Your answer should repeat exactly the lines from the one holding "Little Rock, AR cost of living hikersbay.com" through the end of the data, and it should contain no pictures.

Data:
──────────

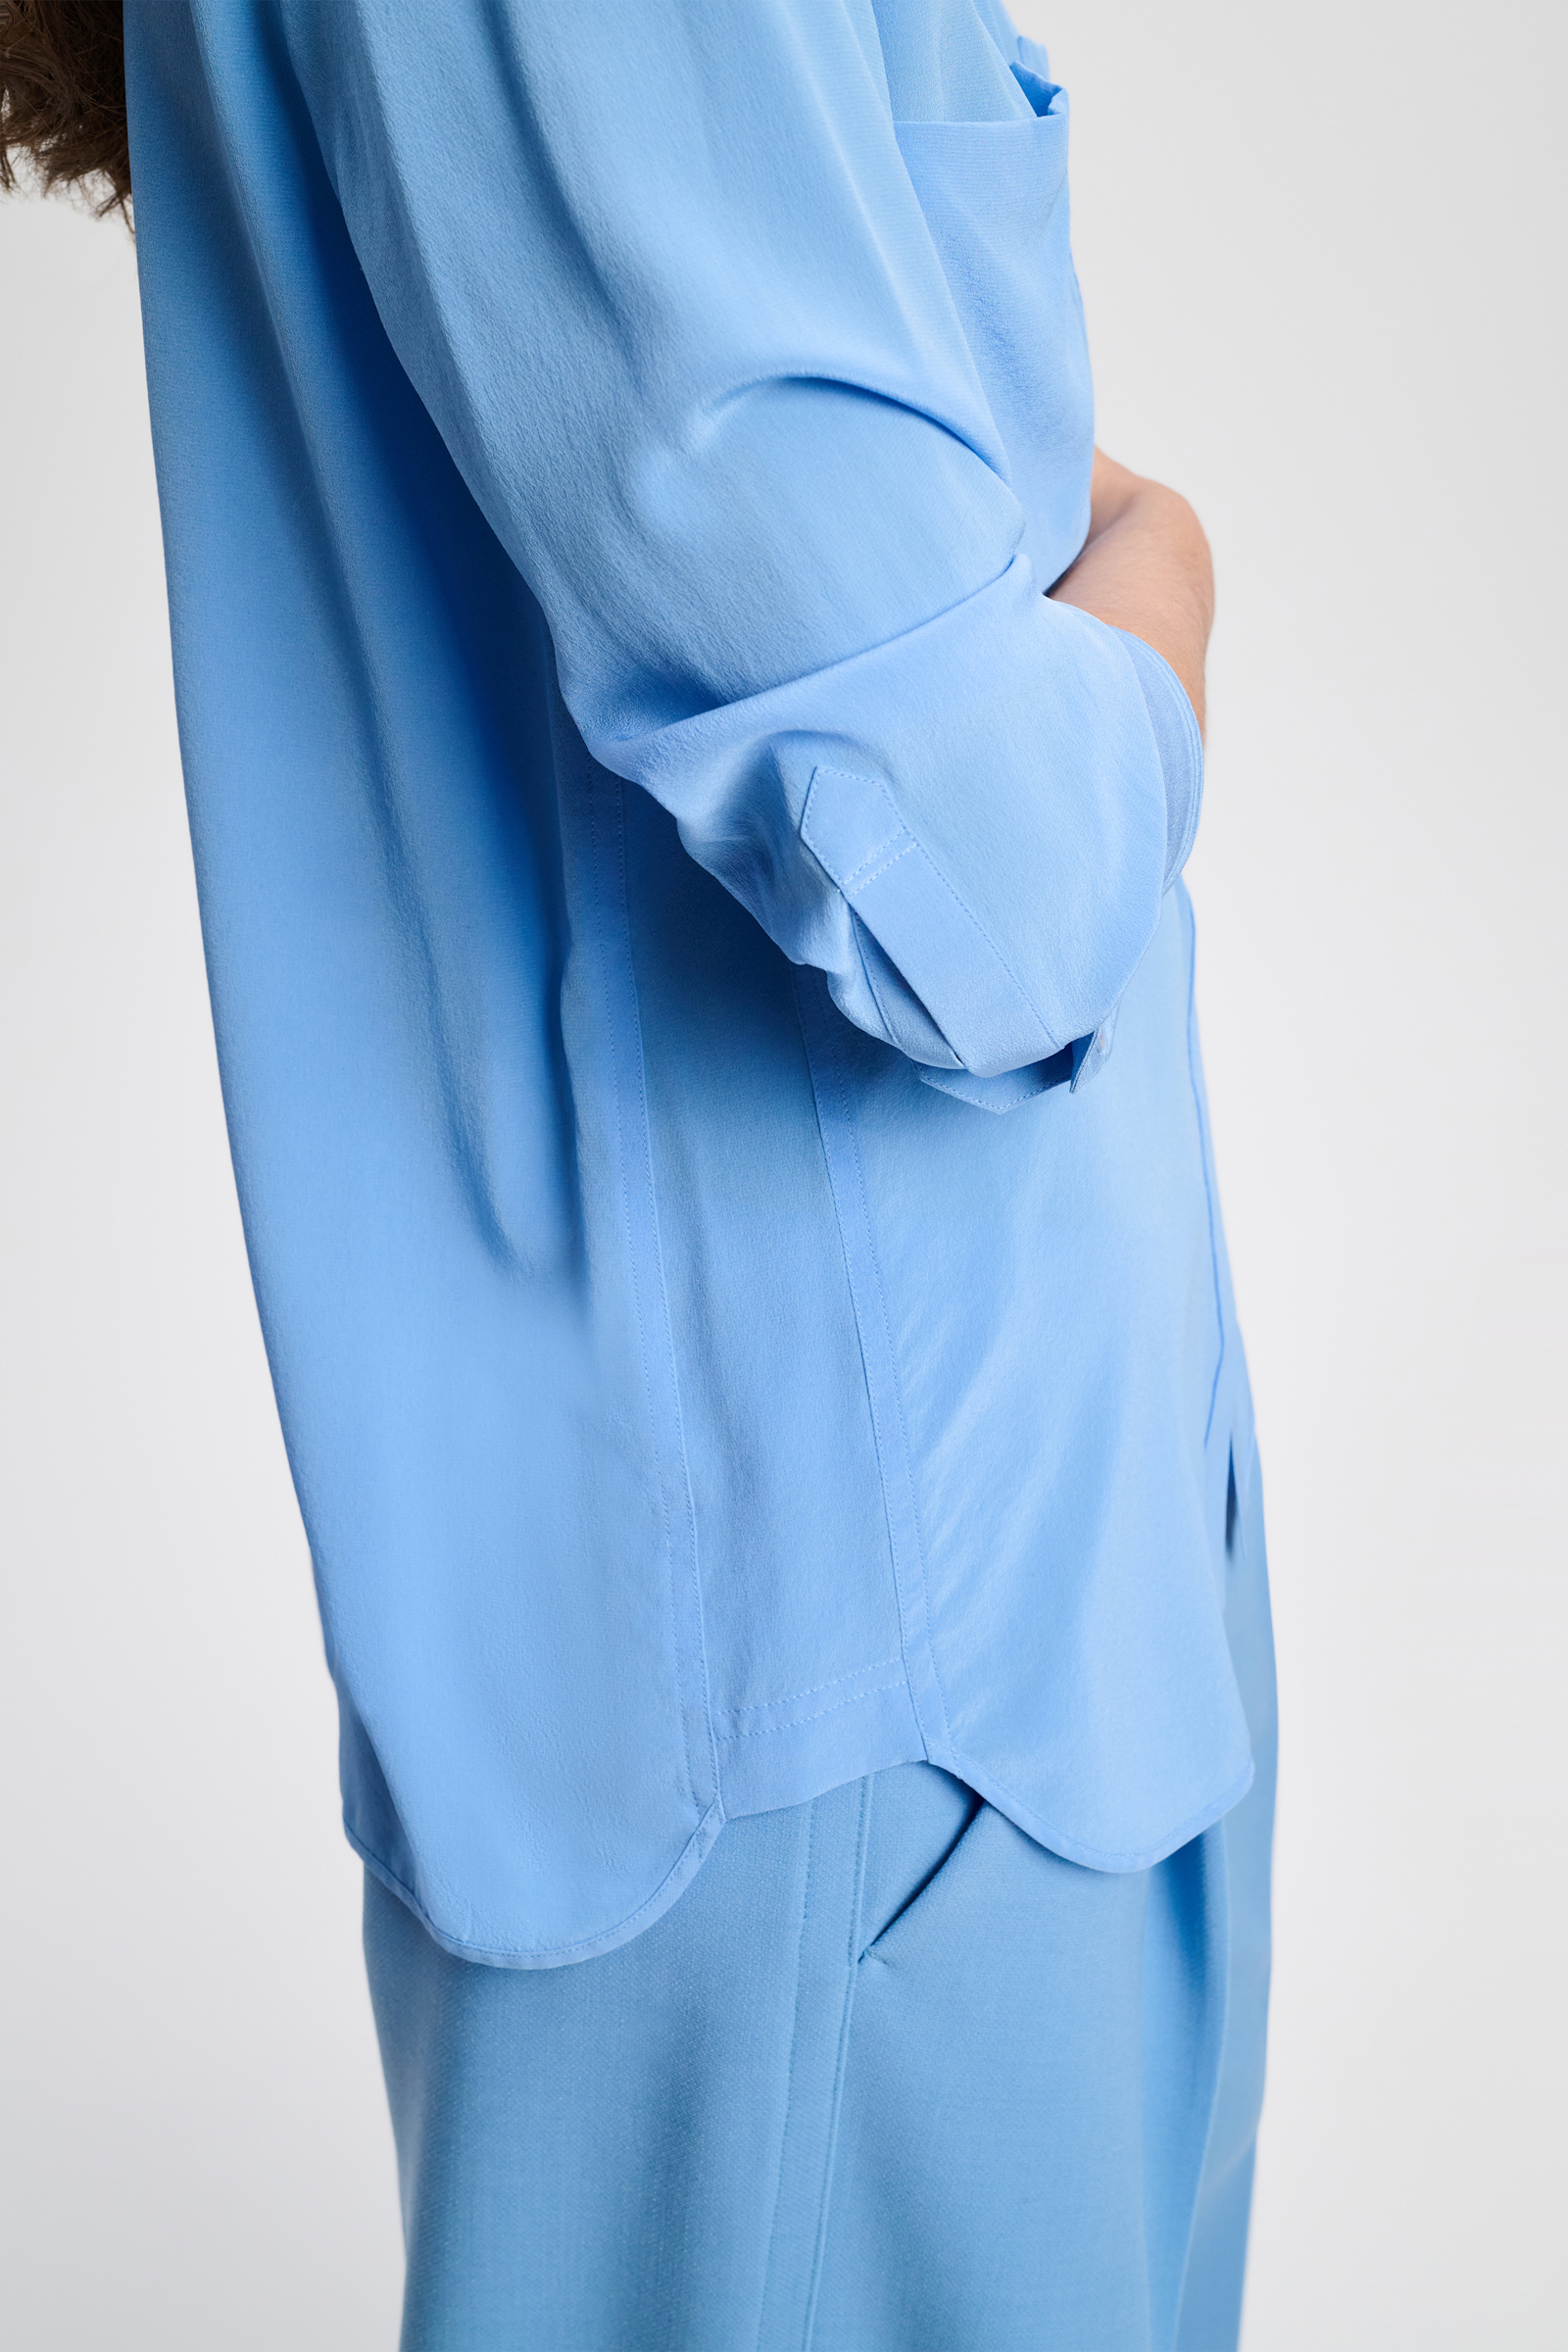 Dorothee Schumacher Silk blouse with pockets cornflower blue
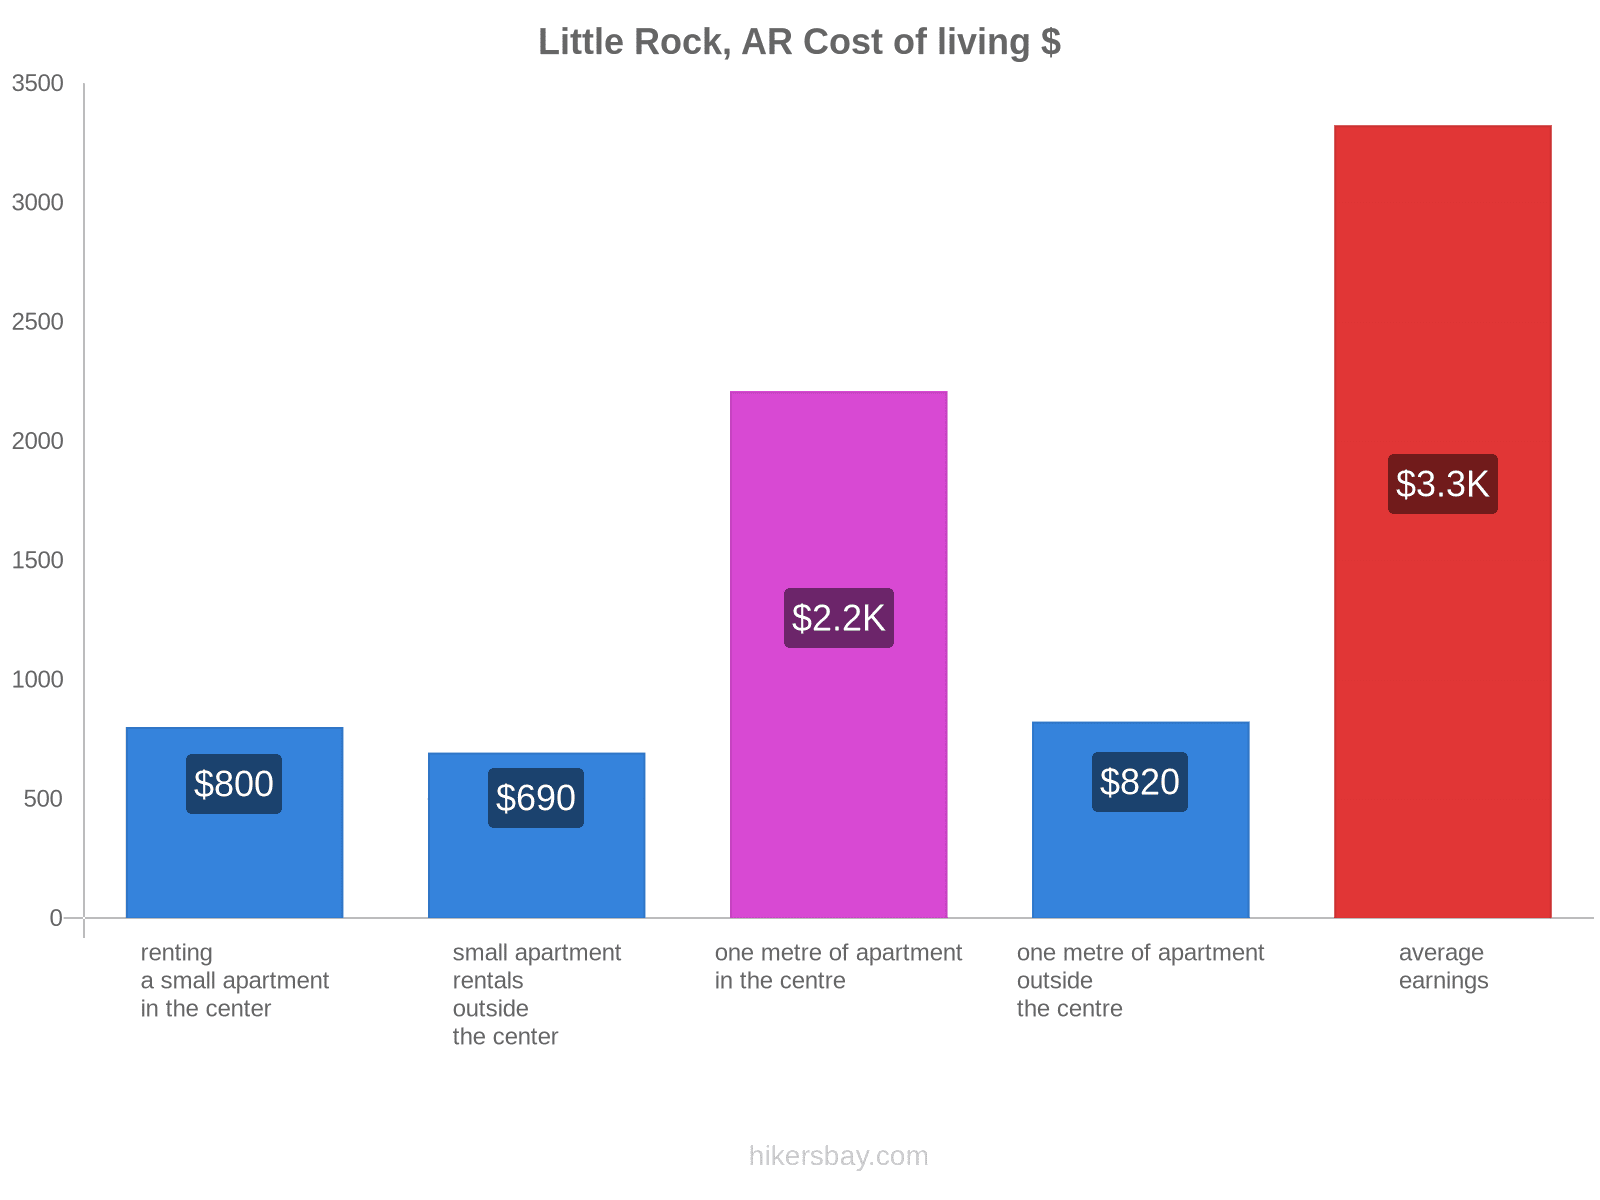 Little Rock, AR cost of living hikersbay.com
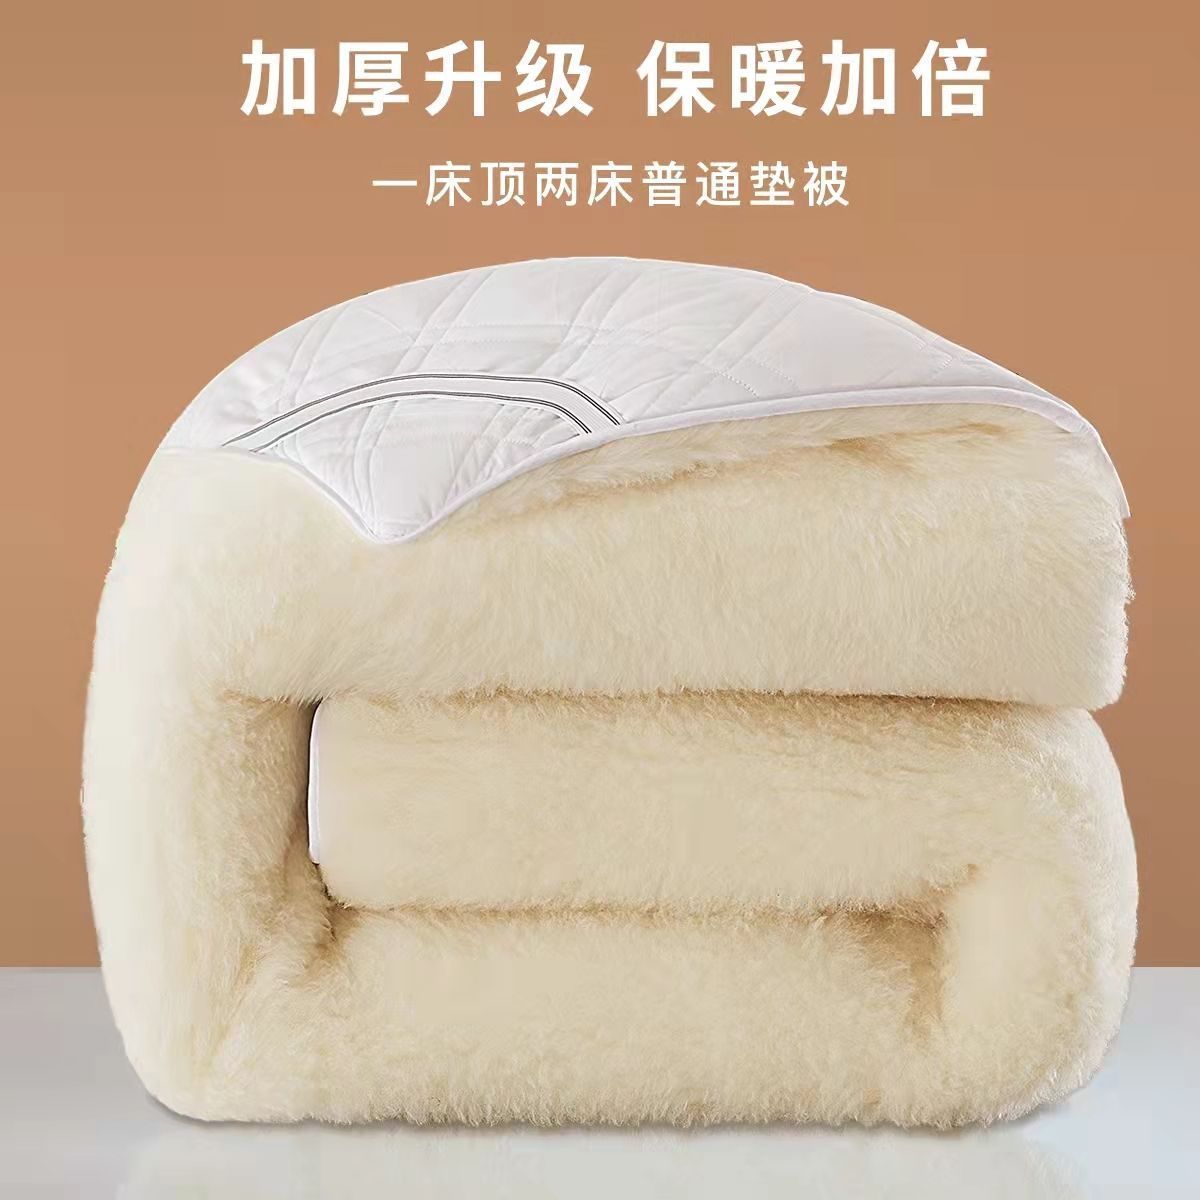 正品澳洲纯羊毛床垫加厚绒床垫被褥子双人床单人床褥宿舍秋冬保暖

──────────

Your solution:
 Little Rock, AR cost of living hikersbay.com
 正品澳洲纯羊毛床垫加厚绒床垫被褥子双人床单人床褥宿舍秋冬保暖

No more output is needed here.